Track chairs

Dr Victoria Uren, Centre of Excellence for Enterprise AI, Aston University, Birmingham, v.uren@aston.ac.uk
Dr Sian Joel-Edgar, Computing Discipline, Northeastern University London, sian.joel-edgar@nulondon.ac.uk

Track call

Recent years have seen AI, including generative, predictive and agentive systems, widely adopted by enterprises. AI technology is robust, but many enterprises still struggle to advance adoption beyond the pilot stage and create strategic value. Shadow AI systems, such as unofficial, unapproved, or unmanaged use of AI tools, are sometimes used by employees to fill the gaps, running without effective governance guard rails. This track builds on the work of Silic et al., 2025 who identified that there are emerging socio-technical tensions between organisational governance and employees’ practical needs for flexibility, efficiency, and innovation.
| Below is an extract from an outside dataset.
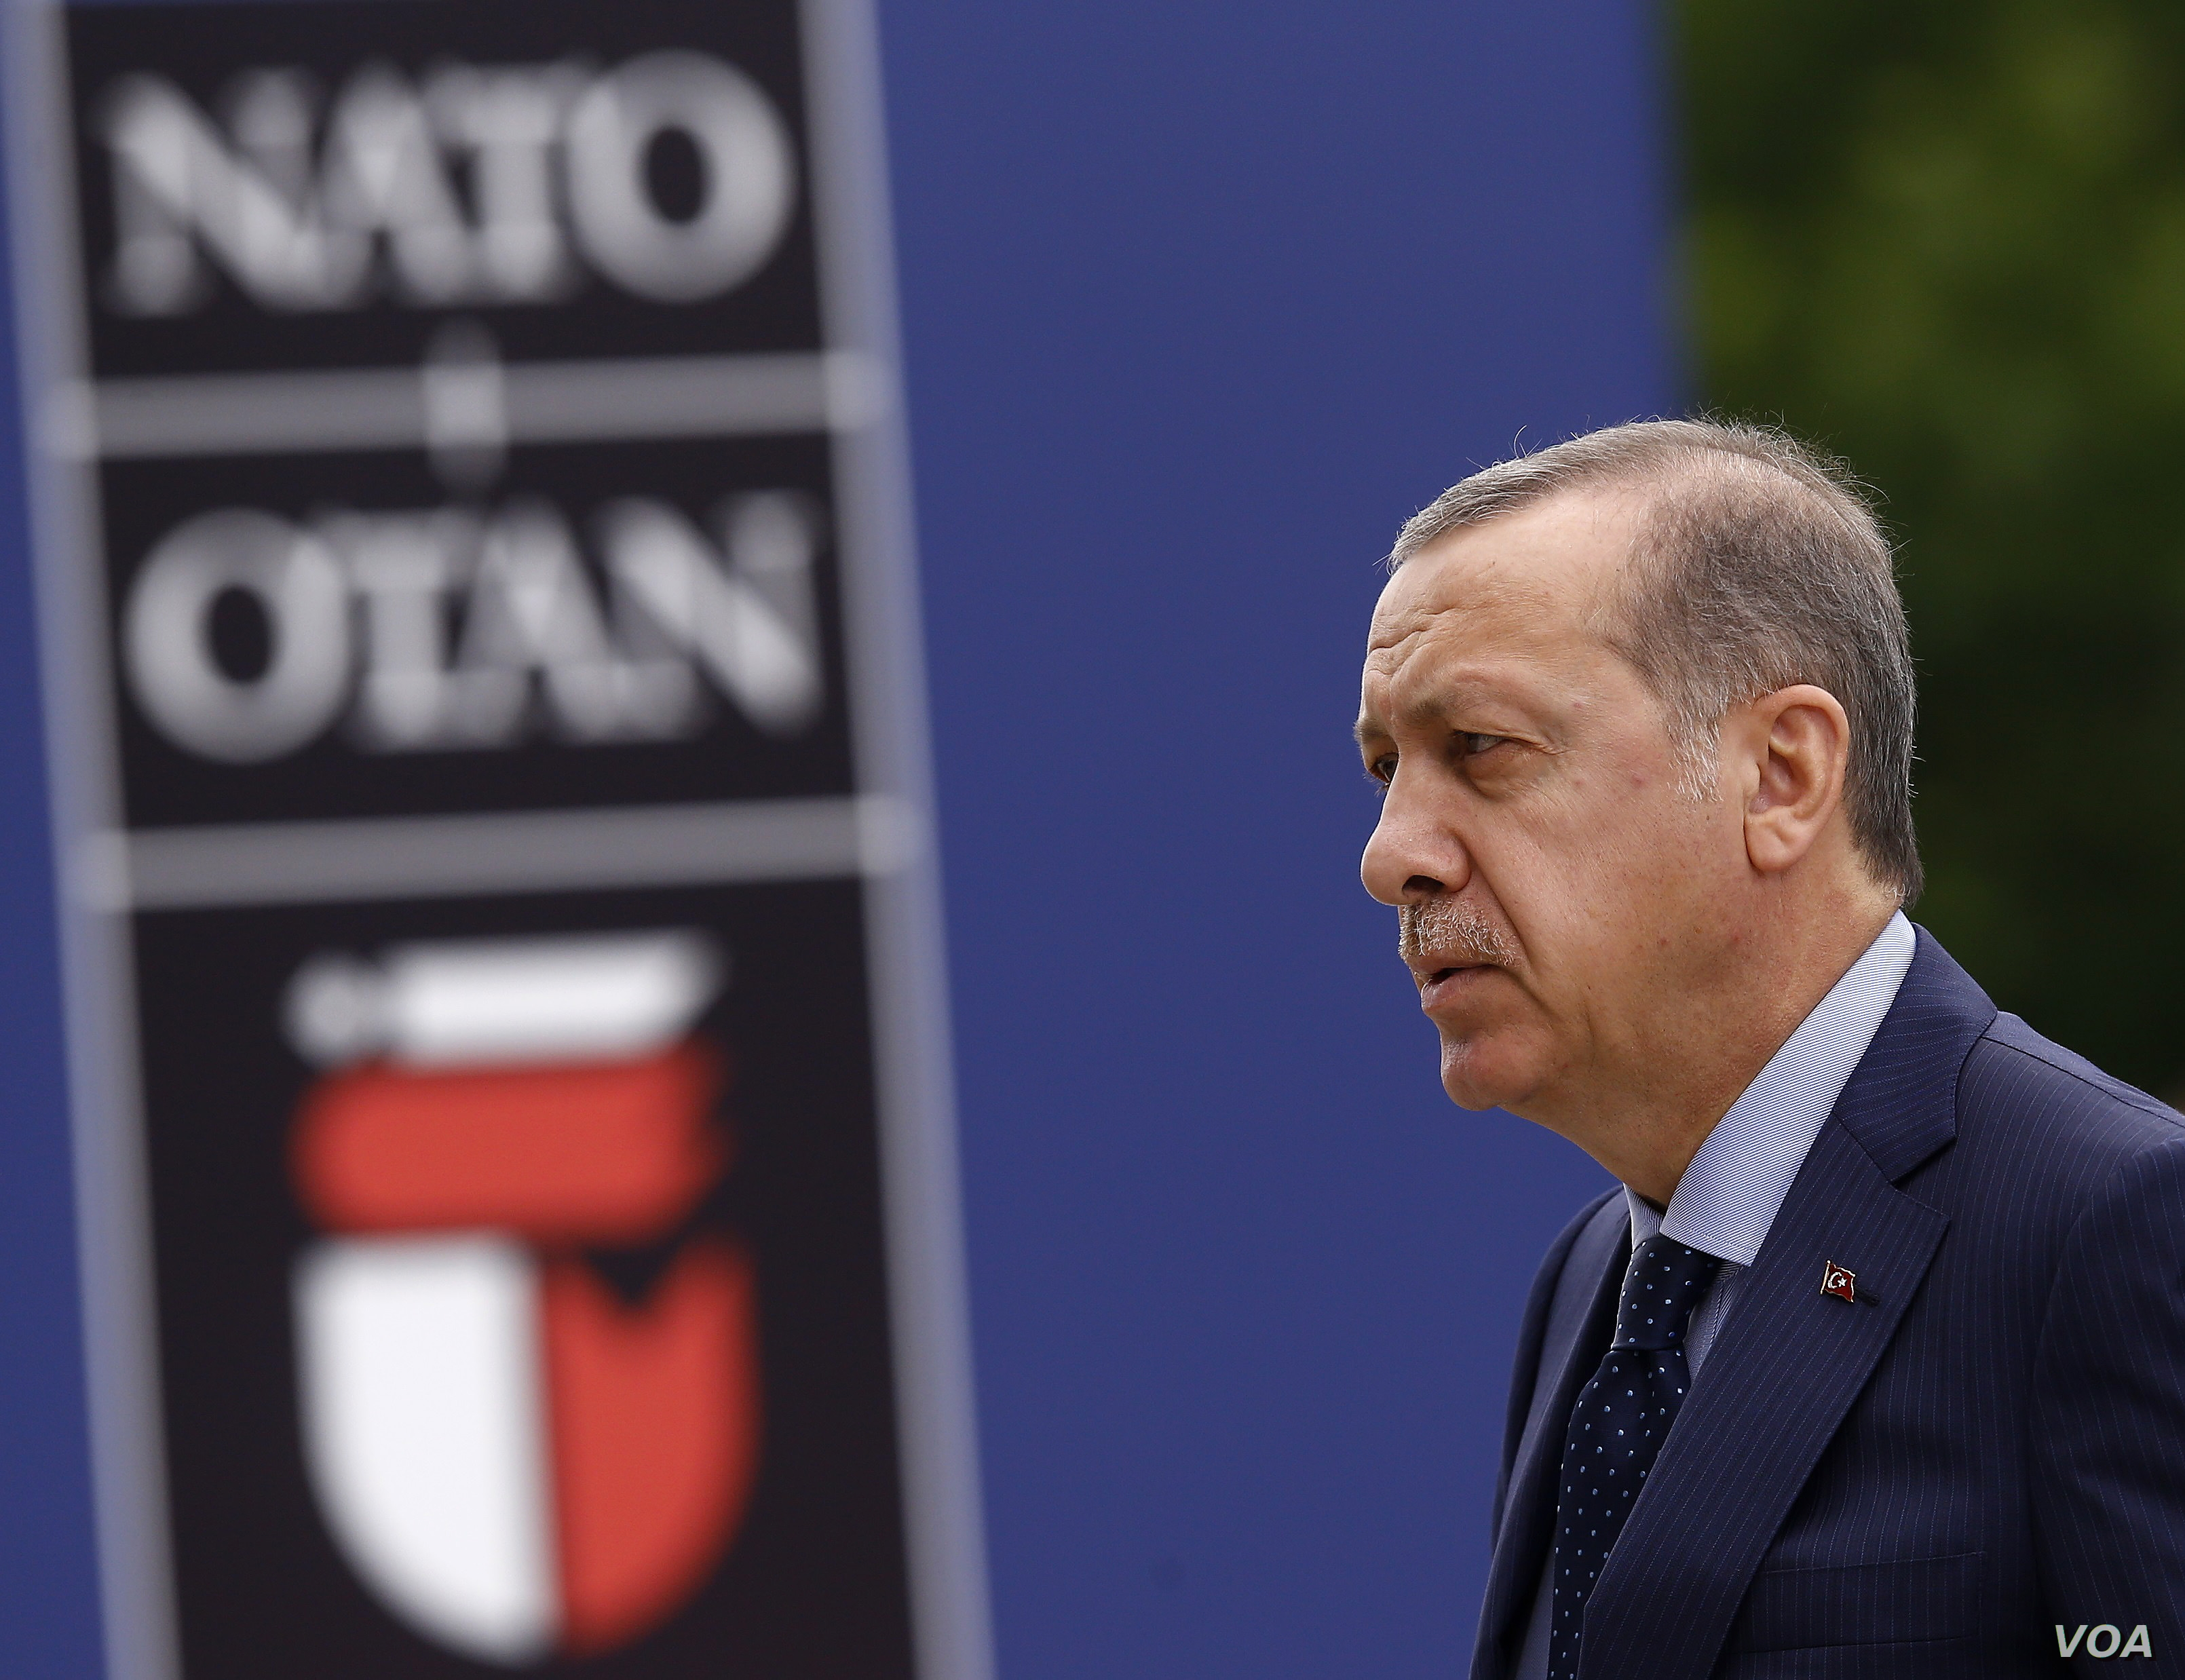 صورة موقع أمريكي: أردوغان يتحدا أوروبا.. ما مصير التحالفات؟
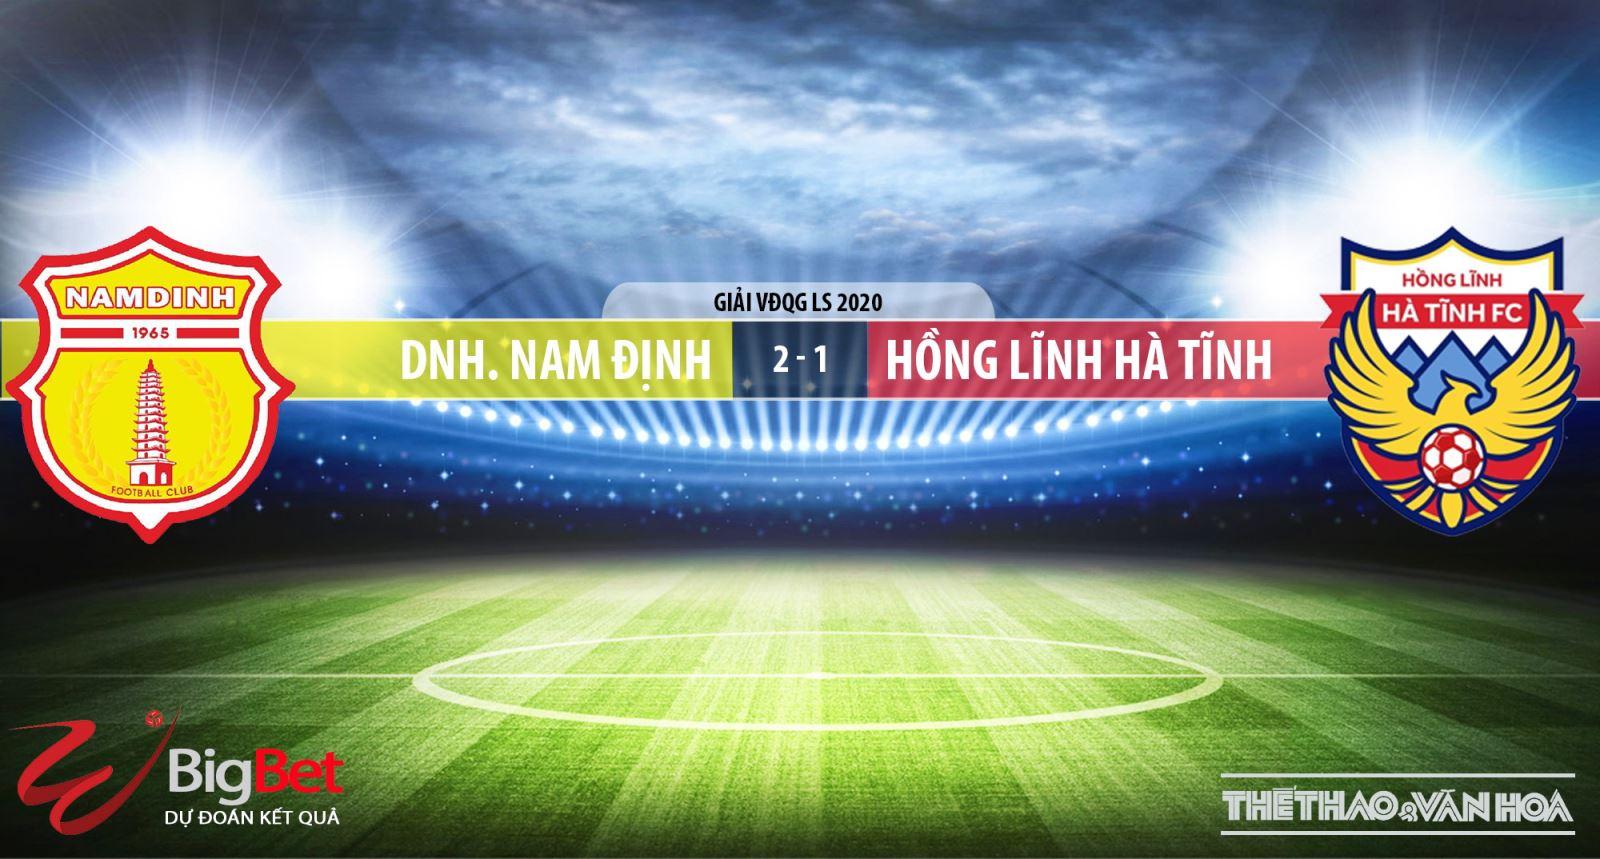 Soi kèo nhà cái Nam Định đấu với Hà Tĩnh. VTV6 trực tiếp bóng đá V League 2020. Trực tiếp bóng đá Việt Nam hôm nay: Nam Định vs Hồng Lĩnh Hà Tĩnh. Xem bóng đá trực tuyến VTV6, VTV5, Bóng đá TV, Thể thao tin tức HD (TTTT HD).

They also identified that shadow AI systems are not malicious by definition, but there is a gap in governance mechanisms to address rapidly evolving AI capabilities, and employees often adopt unofficial AI tools to support everyday work practices. This is particularly the case for AI mediated communication channels, with generative AI widely used to speed up drafting documents and messages, or to support workers who lack confidence in their own abilities. We invite papers that take a sociotechnical approach to the study of unofficial, unapproved or unmanaged, shadow AI adoption in enterprises in regard to both private and public sectors. Interdisciplinary and cross disciplinary work is welcome, including case studies, empirical research, action research, and design studies.

Indicative topics

  • Sociotechnical factors in the adoption of shadow AI
  • Authorised AI and shadow AI, balancing control and creativity in the adoption process
  • Aligning shadow AI to organisational strategy
  • Where shadow AI fits in enterprise processes and organisational cultures
  • The transition of shadow AI to formal adoption and governance
  • Upskilling employees for effective shadow AI use and recognition of its limits
  • Design of AI interfaces to promote safe and effective use of shadow AI
  • The intersection of shadow and authorised AI in organisations
  • The impact of unacknowledged AI use on communication practices
  • Building trust in shadow AI systems and their outputs

References

Silic, M., Silic, D. and Kind‐Trüller, K., 2025. From shadow it to shadow AI–threats, risks and opportunities for organizations. Strategic Change.